1.6 Ontological neutrality
By rejecting the possibility of dataless information, GDI also endorses the following modest thesis of ontological neutrality:
Ontological Neutrality (ON):
There can be no information without data representation.
Following Landauer and Bennett [1985], and Landauer [1987]; [1991]; [1996], (ON) is often interpreted materialistically, as advocating the impossibility of physically disembodied information, through the equation “representation = physical implementation”, that is:
(ON.1) There can be no information without physical implementation.

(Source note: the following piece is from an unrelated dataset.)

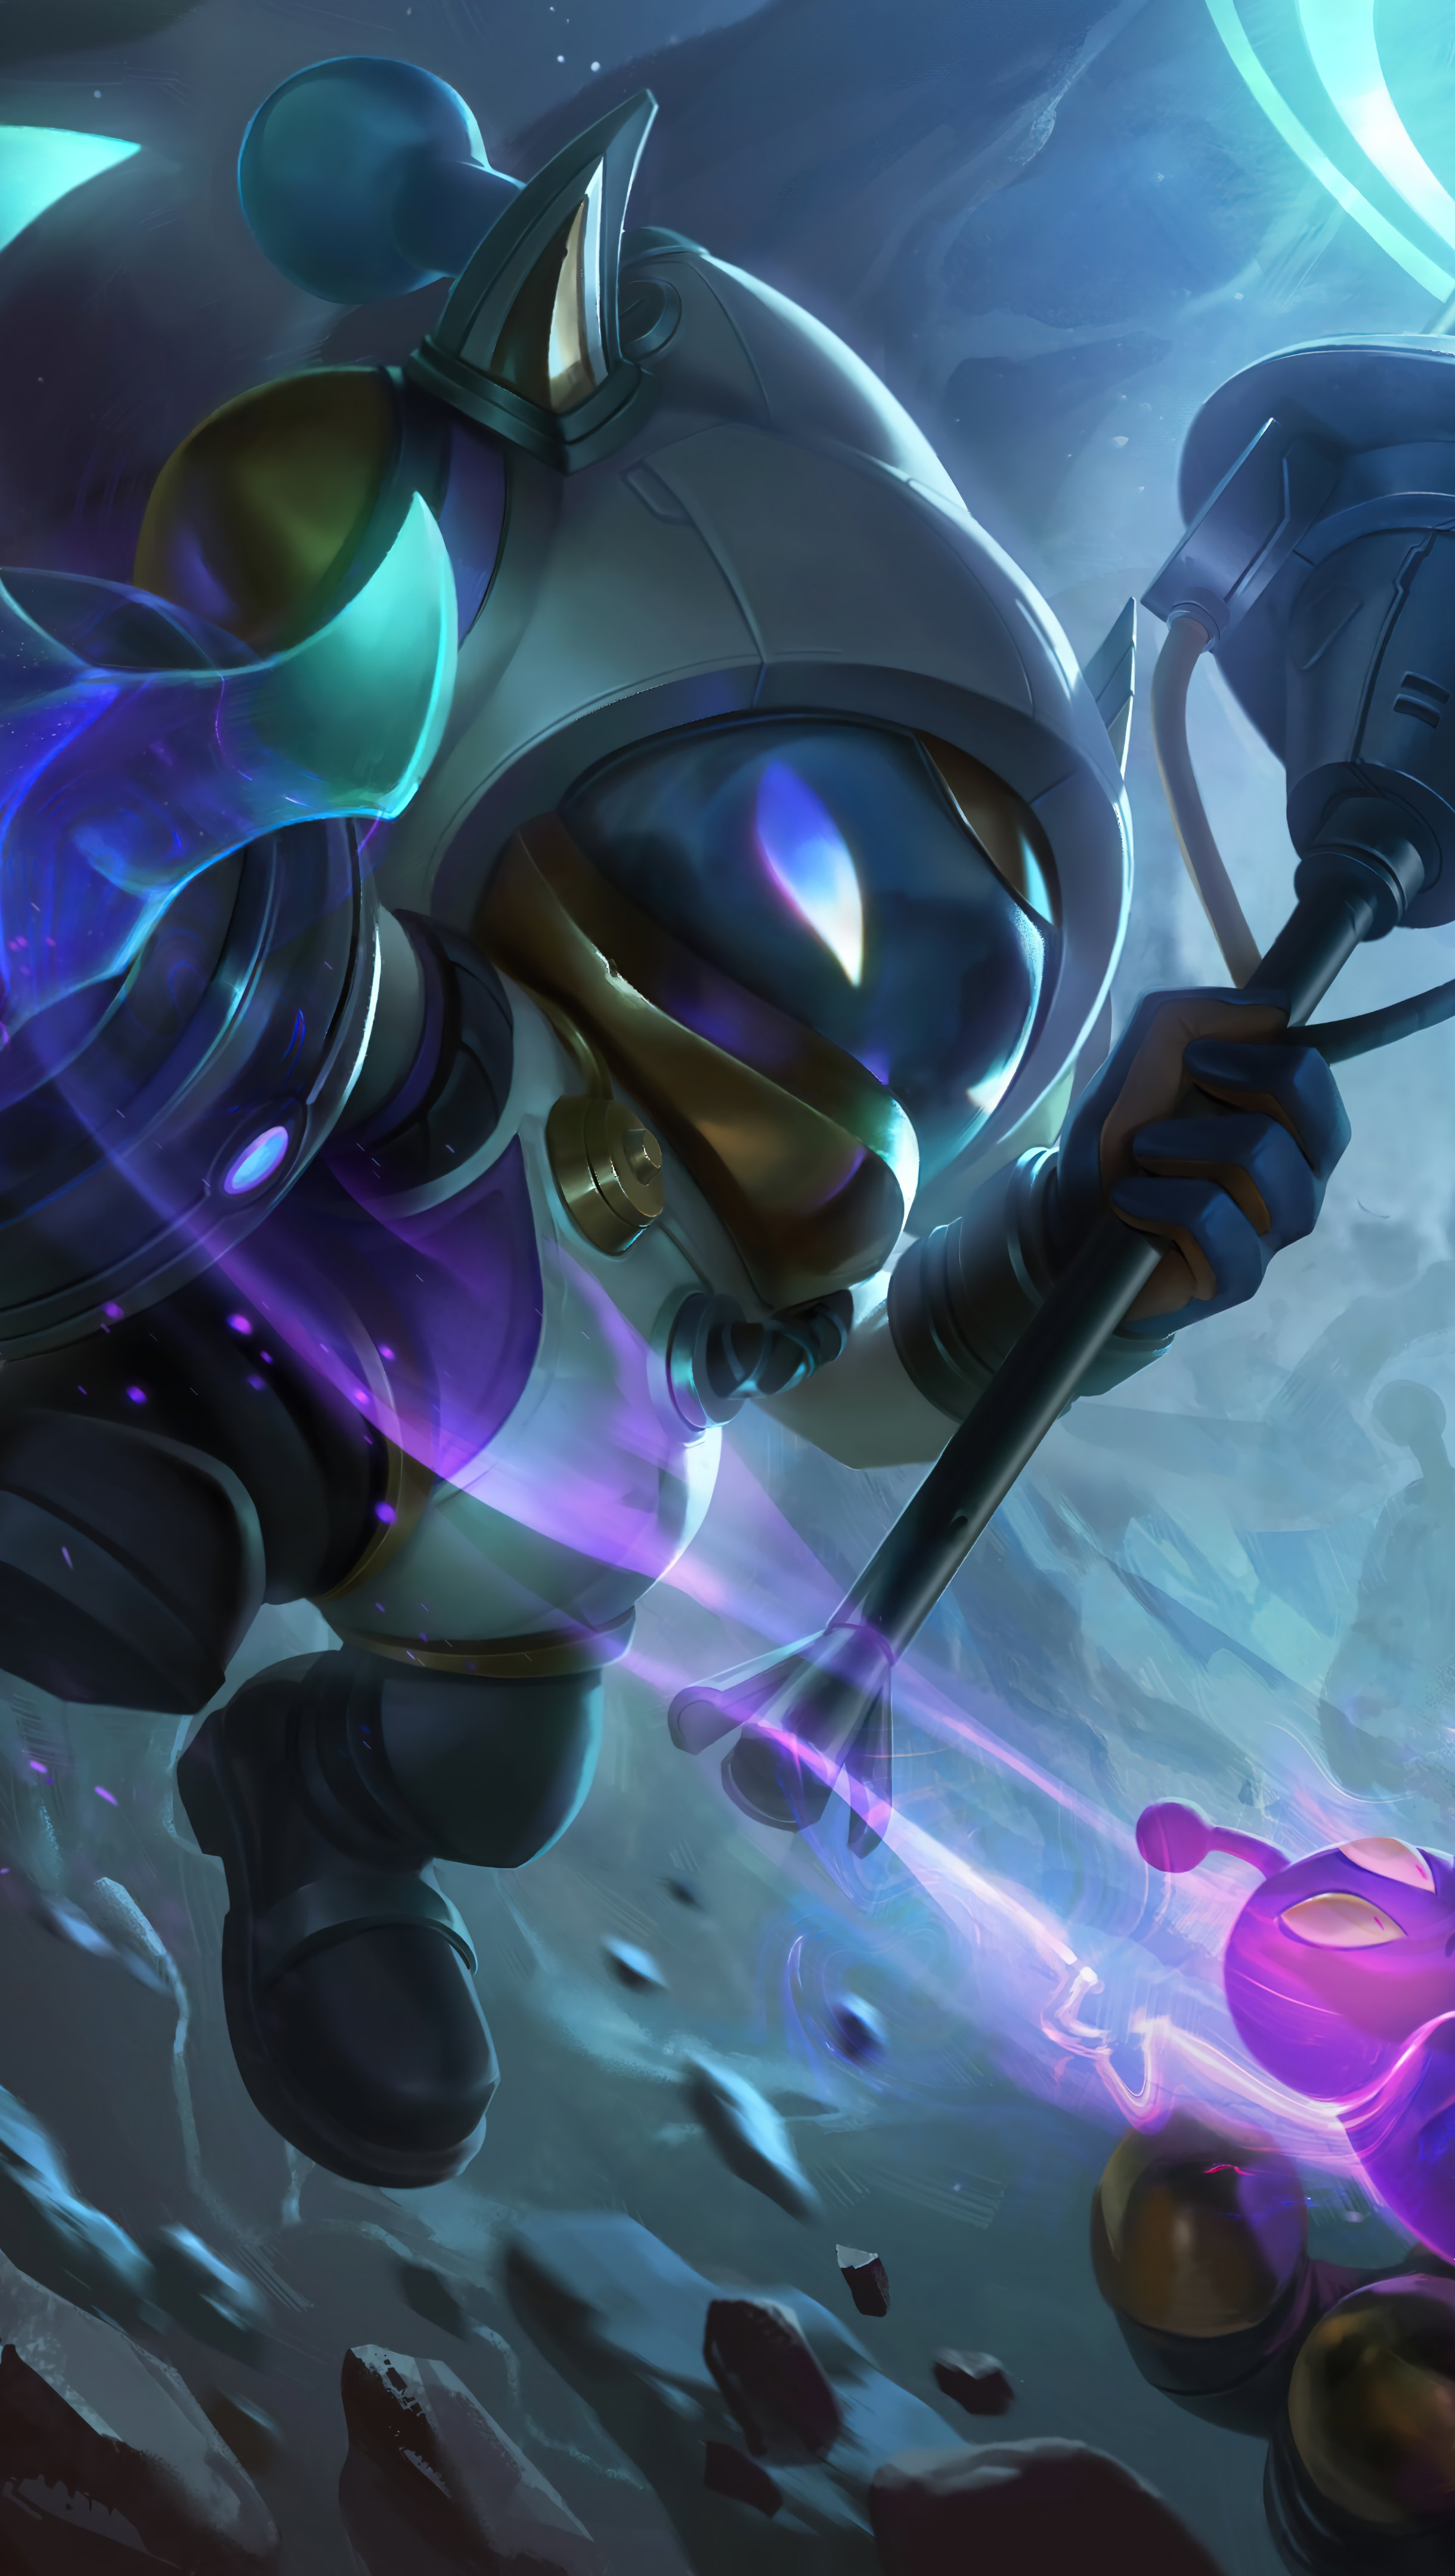 Fondos de pantalla Astronauta Veigar y Rammus League of Legends Splash Art Vertical

(ON.1) is an inevitable assumption, when working on the physics of computation, since computer science must necessarily take into account the physical properties and limits of the data carriers. Thus, the debate on (ON.1) has flourished especially in the context of the philosophy of quantum information and computing (see Deutsch [1985]; [1997] and Di Vincenzo and Loss [1998]; Steane [1998] provides a review). (ON.1) is also the ontological assumption behind the Physical Symbol System Hypothesis in AI and Cognitive Science (Newell and Simon [1976]). But (ON), and hence GDI, does not specify whether, ultimately, the occurrence of every discrete state necessarily requires a material implementation of the data representations. Arguably, environments in which all entities, properties and processes are ultimately noetic (e.g., Berkeley, Spinoza), or in which the material or extended universe has a noetic or non-extended matrix as its ontological foundation (e.g., Pythagoras, Plato, Descartes, Leibniz, Fichte, Hegel), seem perfectly capable of upholding (ON) without necessarily embracing (ON.1). The relata in DDD (above) could be dedomena, such as Leibnizian monads, for example. Indeed, the classic realism debate on the ultimate nature of “being” can be reconstructed in terms of the possible interpretations of (ON).
All this explains why GDI is also consistent with two other popular slogans, this time favourable to the proto-physical nature of information and hence completely antithetic to (ON.1):
(ON.2) | It from bit. Otherwise put, every “it” — every particle, every field of force, even the space-time continuum itself—derives its function, its meaning, its very existence (even if in some contexts indirectly) from the apparatus-elicited answers to yes-or-no questions, binary choices, bits. “It from bit” symbolizes the idea that every item of the physical world has at bottom—a very deep bottom, in most instances—an immaterial source and explanation; that which we call reality arises in the last analysis from the posing of yes-no questions and the registering of equipment-evoked responses; in short, that all things physical are information-theoretic in origin and that this is a participatory universe. (Wheeler [1990], 5); |
and
(ON.3) | [information is] a name for the content of what is exchanged with the outer world as we adjust to it, and make our adjustment felt upon it. (Wiener [1954], 17). Information is information, not matter or energy. No materialism which does not admit this can survive at the present day (Wiener [1961], 132). |
(ON.2) endorses an information-theoretic, metaphysical monism: the universe’s essential nature is digital, being fundamentally composed of information as data/dedomena instead of matter or energy, with material objects as a complex secondary manifestation (a similar position has been defended more recently in physics by Frieden [1998], whose work is based on a loosely Platonist perspective). (ON.2) may but does not have to endorse a computational view of information processes. (ON.3) advocates a more pluralistic approach along similar lines. Both are compatible with GDI.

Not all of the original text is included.